Sante De Sanctis, a pillar of child psychology and neuropsychiatry

«In the history of Italian psychology, De Sanctis was undoubtedly a leading figure, a “pillar” and can be considered one of the founders of the new discipline between the nineteenth and twentieth centuries» (Guido Cimino and Giovanni Pietro Lombardo)

An Umbrian you wouldn’t expect, unknown to most. Sante De Sanctis can be considered one of the founding fathers of Italian child psychology and neuropsychiatry. The psychiatrist and psychologist, born in Parrano (Terni) on February 7, 1862 (and died in Rome on February 20, 1935), after graduating in medicine and surgery from the University of Rome with a thesis in neuropathology, on aphasia, began practicing as a local physician in Orvieto and Ficulle, where he remained until 1891.

Sante De Sanctis

In 1892 he attended the pathological anatomy laboratory at the Santa Maria della Pietà asylum in Rome, where he studied the normal and pathological anatomy of the central nervous system; he was also appointed assistant at the psychiatric clinic of the University of Rome, where he remained until 1899. He also studied hypnotism with Auguste Forel in Zurich during a study trip (1893) and later in Paris with some of Jean-Martin Charcot’s students: the Parisian environment provided him with a source of inspiration for the scientific study of dreams – of which he was the only non-psychoanalyst Italian scholar.

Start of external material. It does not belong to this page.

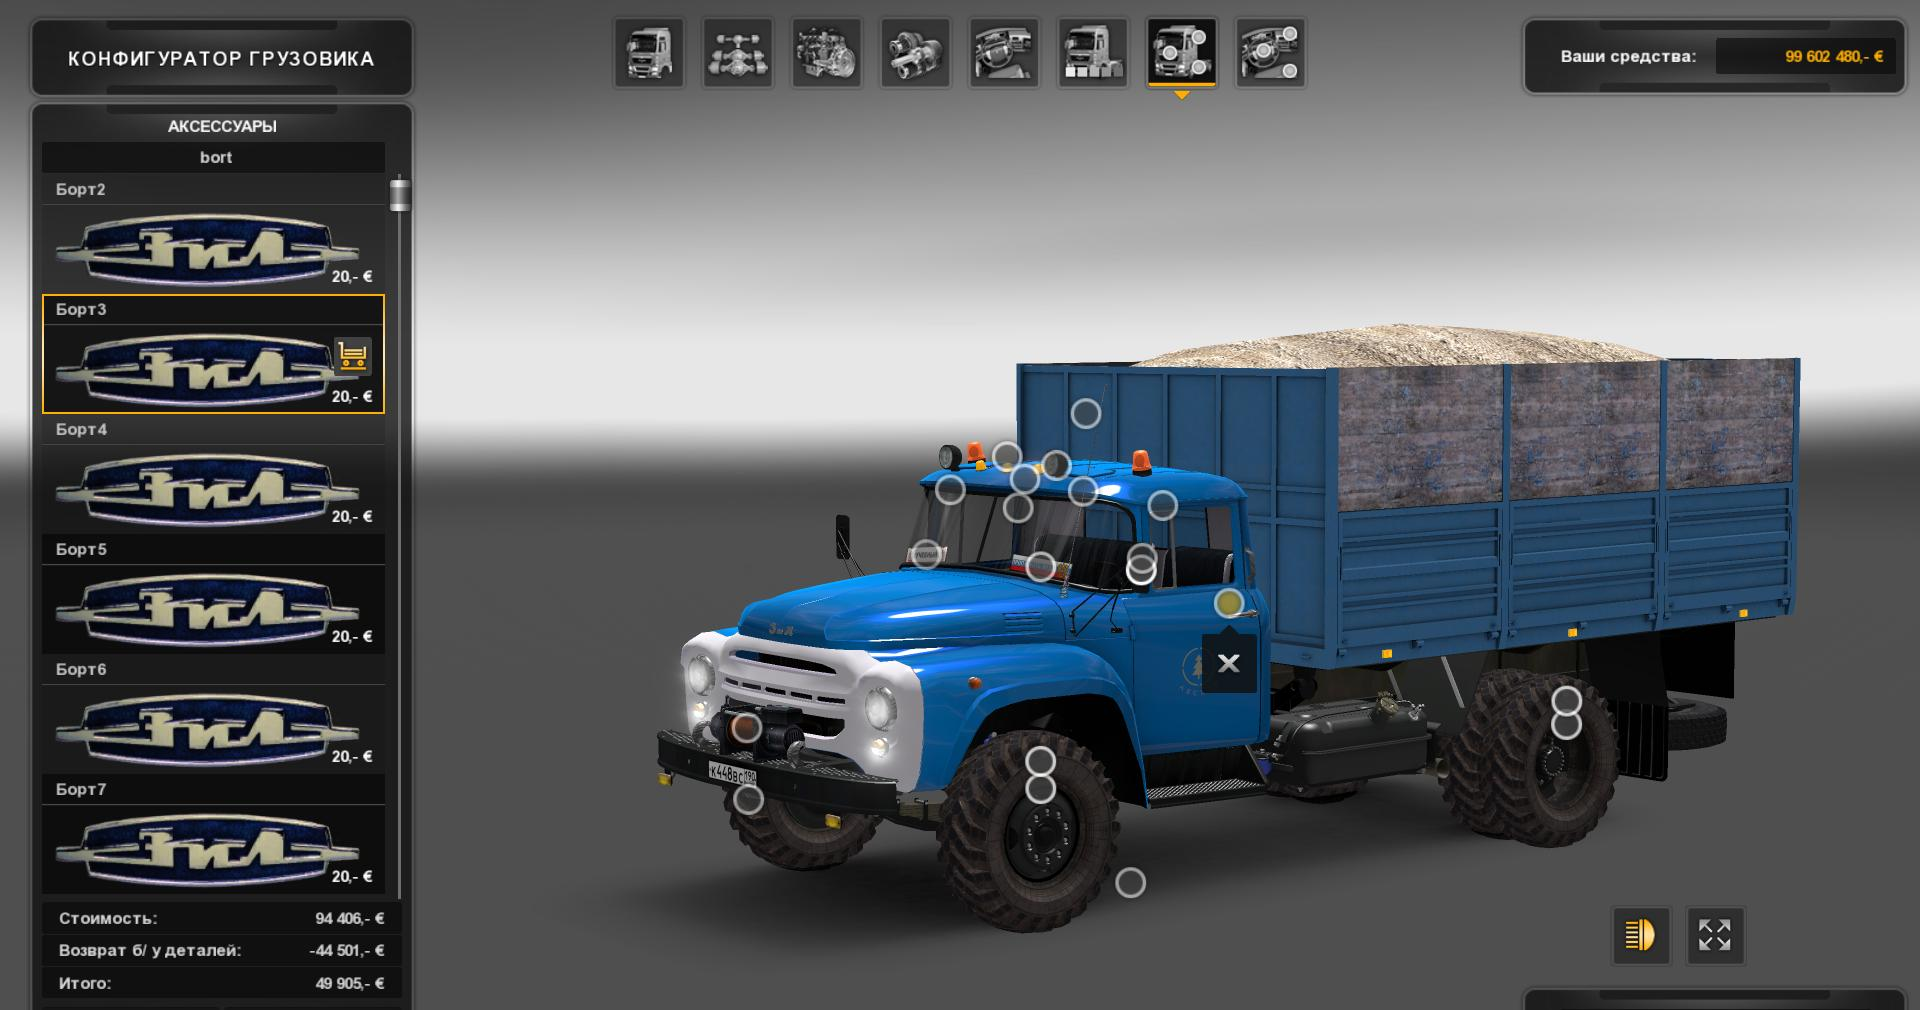 ZIL 130-131-133 [1.28.X] TRUCK MOD -Euro Truck Simulator 2 Mods on

In 1896 he published Dreams and Sleep in Hysteria and Epilepsy, followed by Dreams: Clinical and Psychological Studies of an Alienist (1899); with Giuseppe Sergi he founded (1897) the fortnightly Journal of Psychology, Psychiatry, and Neuropathology.

Despite his sharp and certainly not banal mind, Sigmund Freud described him as “poor in ideas,” even though the two later exchanged extensive correspondence. Almost simultaneously with the Orthophrenic Normal School in Rome directed by Maria Montessori, in 1899 he founded the first kindergarten-school for the care and social rehabilitation of poor and mentally handicapped children and adolescents in an out-of-hospital setting. But he didn’t stop there, he also founded the first Child Neuropsychiatry department in Italy, a discipline of which he can be considered the father.

Sante De Sanctis (a destra) con i suoi collaboratori, da www.scienzainrete.it

In 1899, she began attending the pathological anatomy laboratory at the University of Rome, carrying out anatomical work under the guidance of E. Marchiafava.
After being rejected by the Higher Council of Public Education on the grounds that “psychology should be treated by a philosopher and not by a physiologist or psychiatrist,” she was awarded a teaching qualification in December 1901. In 1906, she held one of the first chairs of Experimental Psychology at the Faculty of Medicine in Rome. She then directed the Institute of Psychology at the Faculty of Medicine at the University of Rome until 1930. She is credited with a treatise on experimental psychology, considered a work of great scientific commitment and systematicity. Her commitment to children with disabilities remained constant throughout her life: she dedicated monographic studies and original institutional solutions to this field.